Record set
+ + +
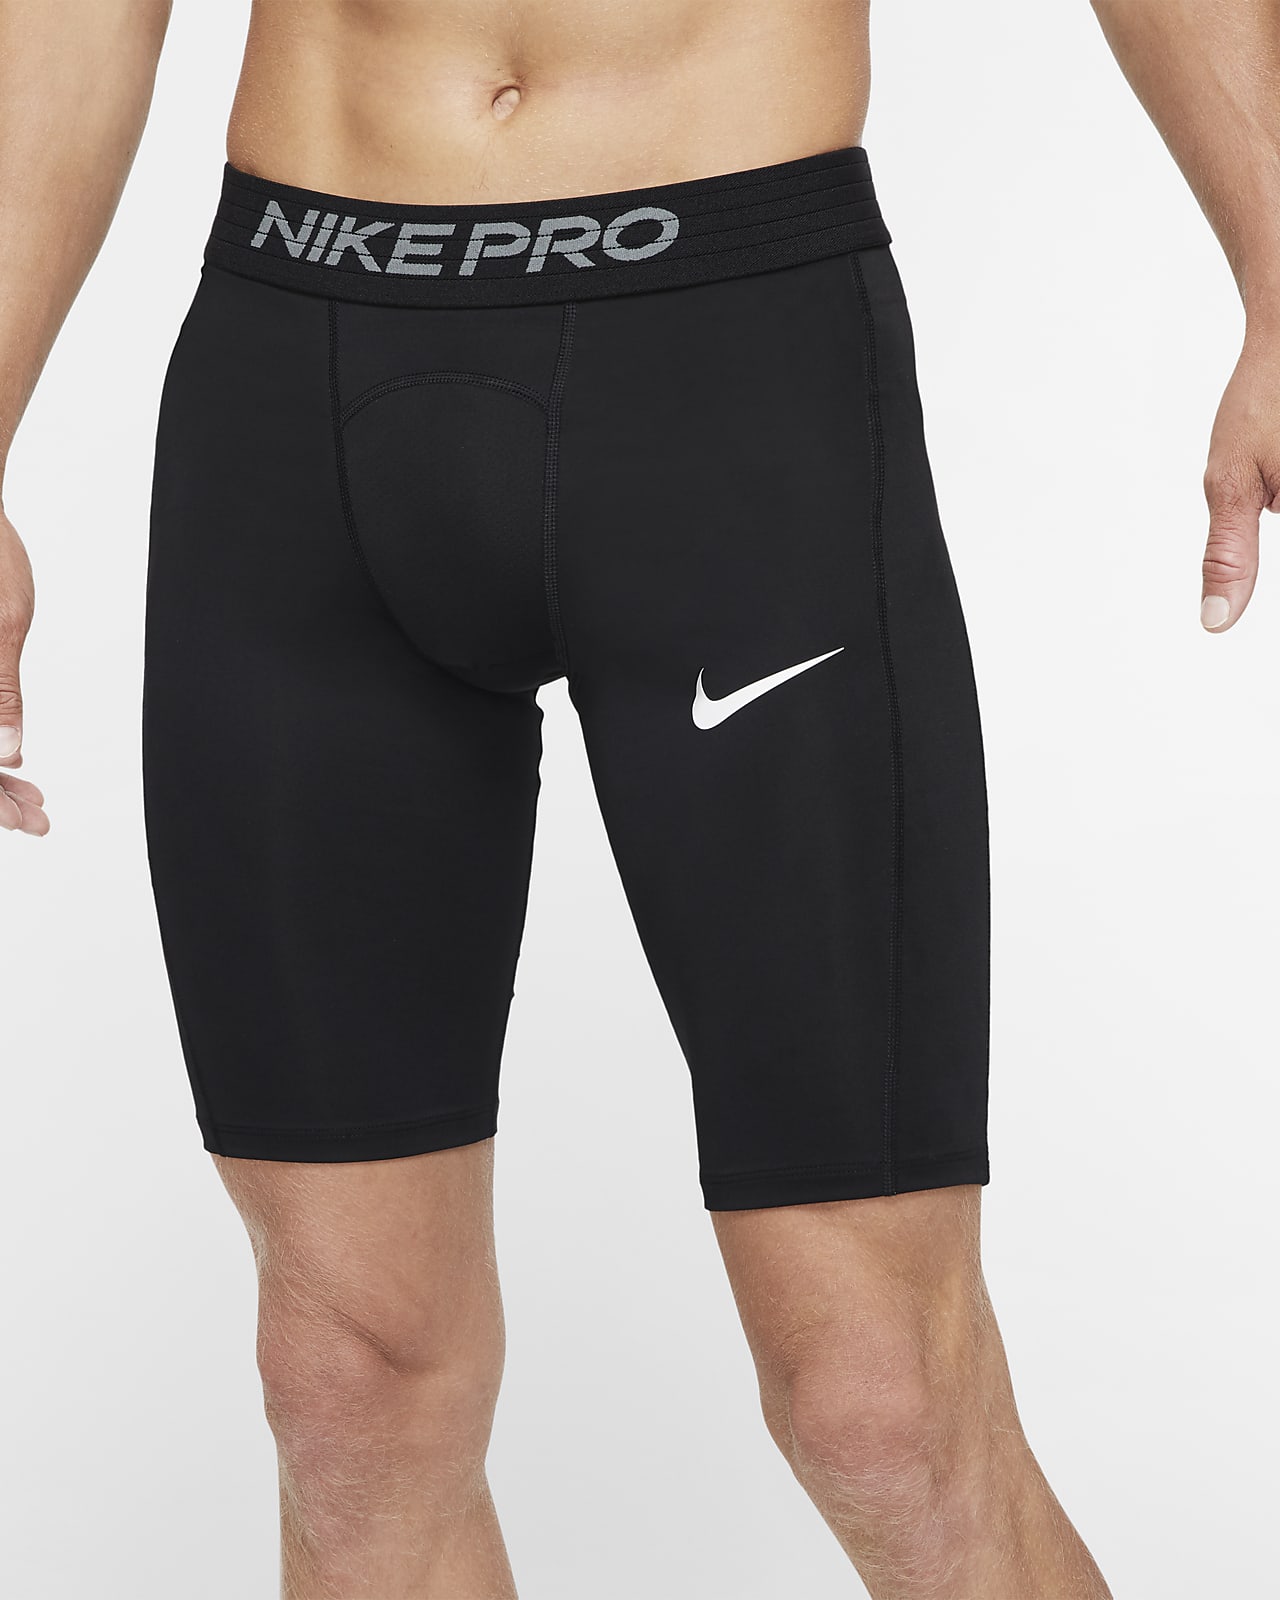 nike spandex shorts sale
+ + +
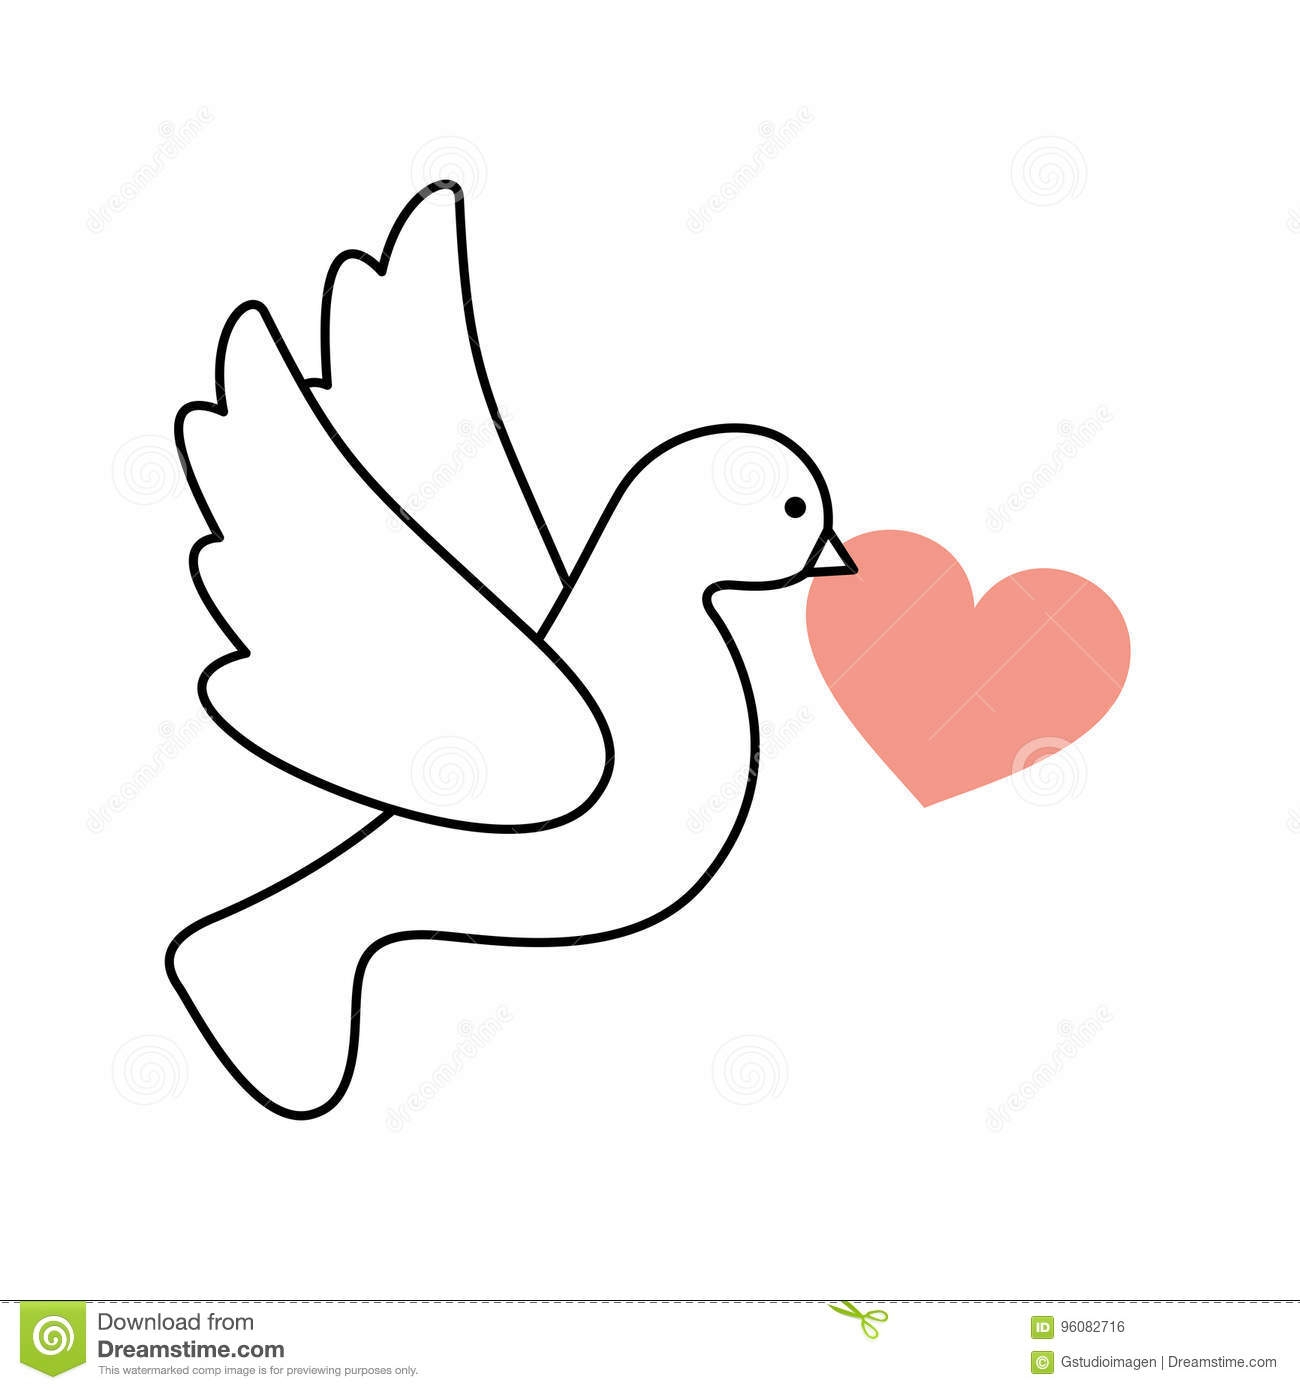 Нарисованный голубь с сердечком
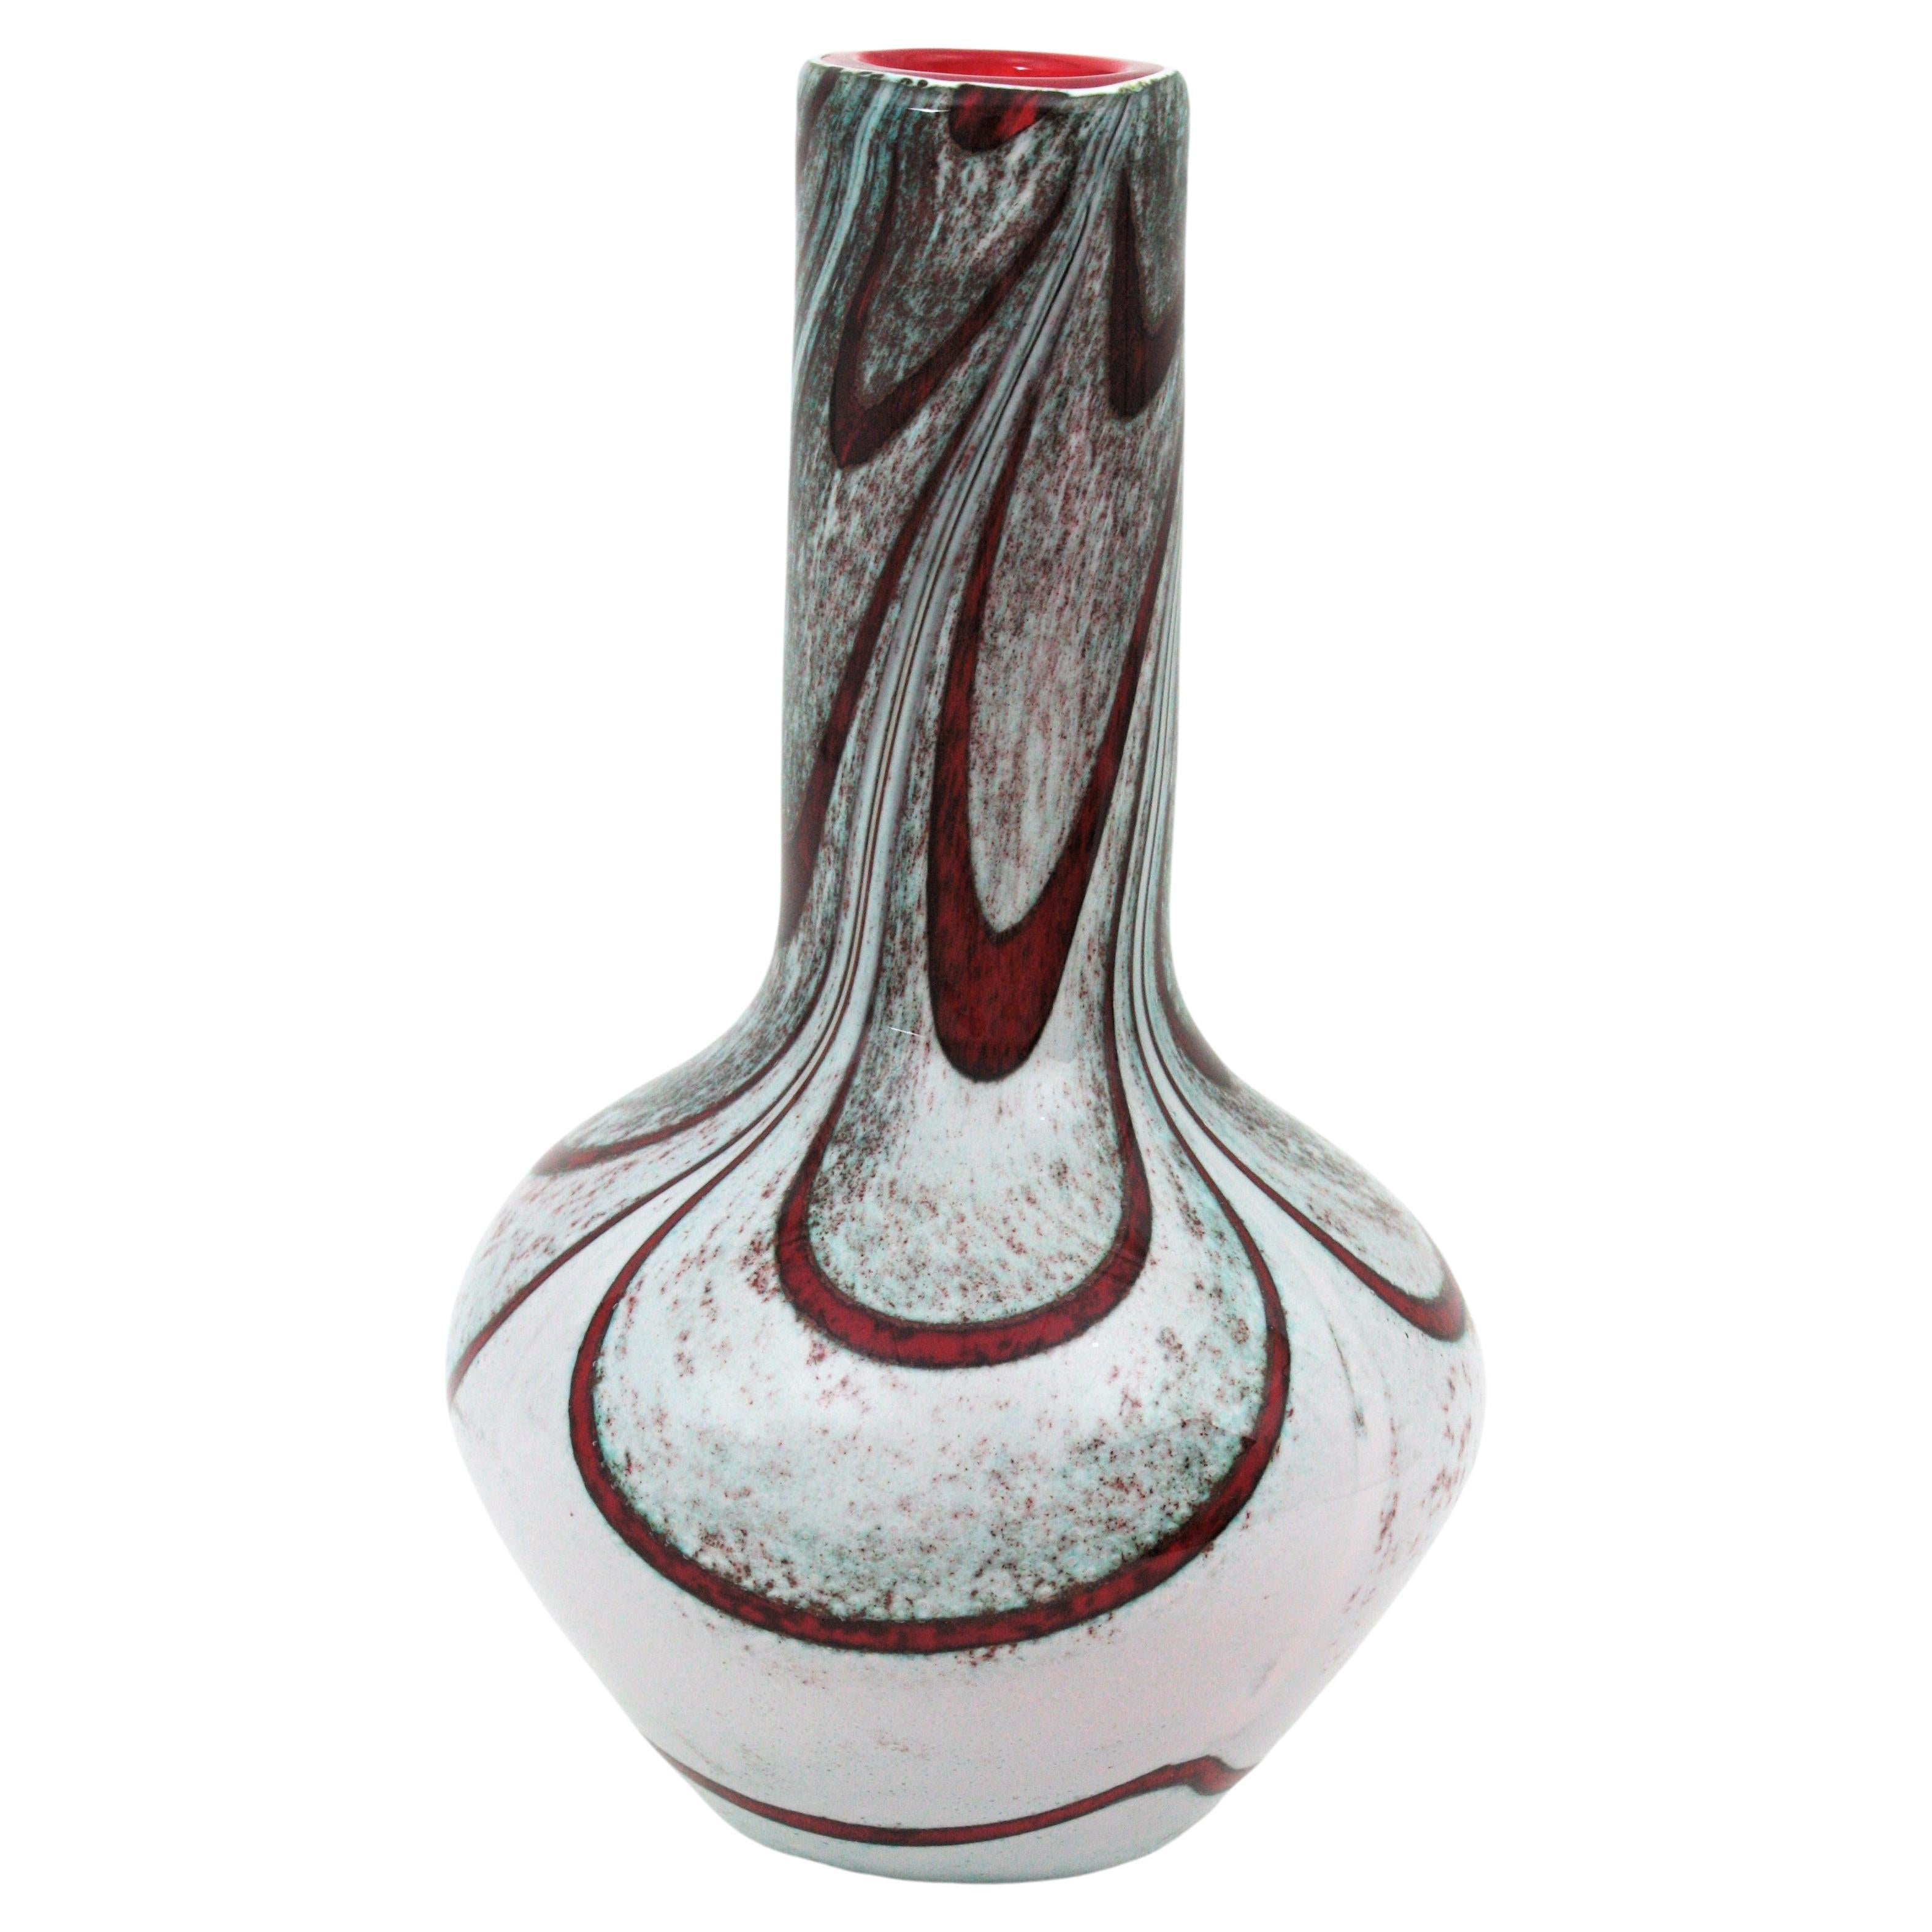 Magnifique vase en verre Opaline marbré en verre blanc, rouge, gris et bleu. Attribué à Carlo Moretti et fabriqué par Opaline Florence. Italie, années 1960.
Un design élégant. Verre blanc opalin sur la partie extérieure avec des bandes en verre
+ + +
Required action
In the records above, find the line with "Нарисованный голубь с сердечком" and the line with "Un design élégant.", then restate word for word only those two lines and all lines between, omitting pictures.

Finished task
 Нарисованный голубь с сердечком
 Magnifique vase en verre Opaline marbré en verre blanc, rouge, gris et bleu. Attribué à Carlo Moretti et fabriqué par Opaline Florence. Italie, années 1960.
Un design élégant. Verre blanc opalin sur la partie extérieure avec des bandes en verre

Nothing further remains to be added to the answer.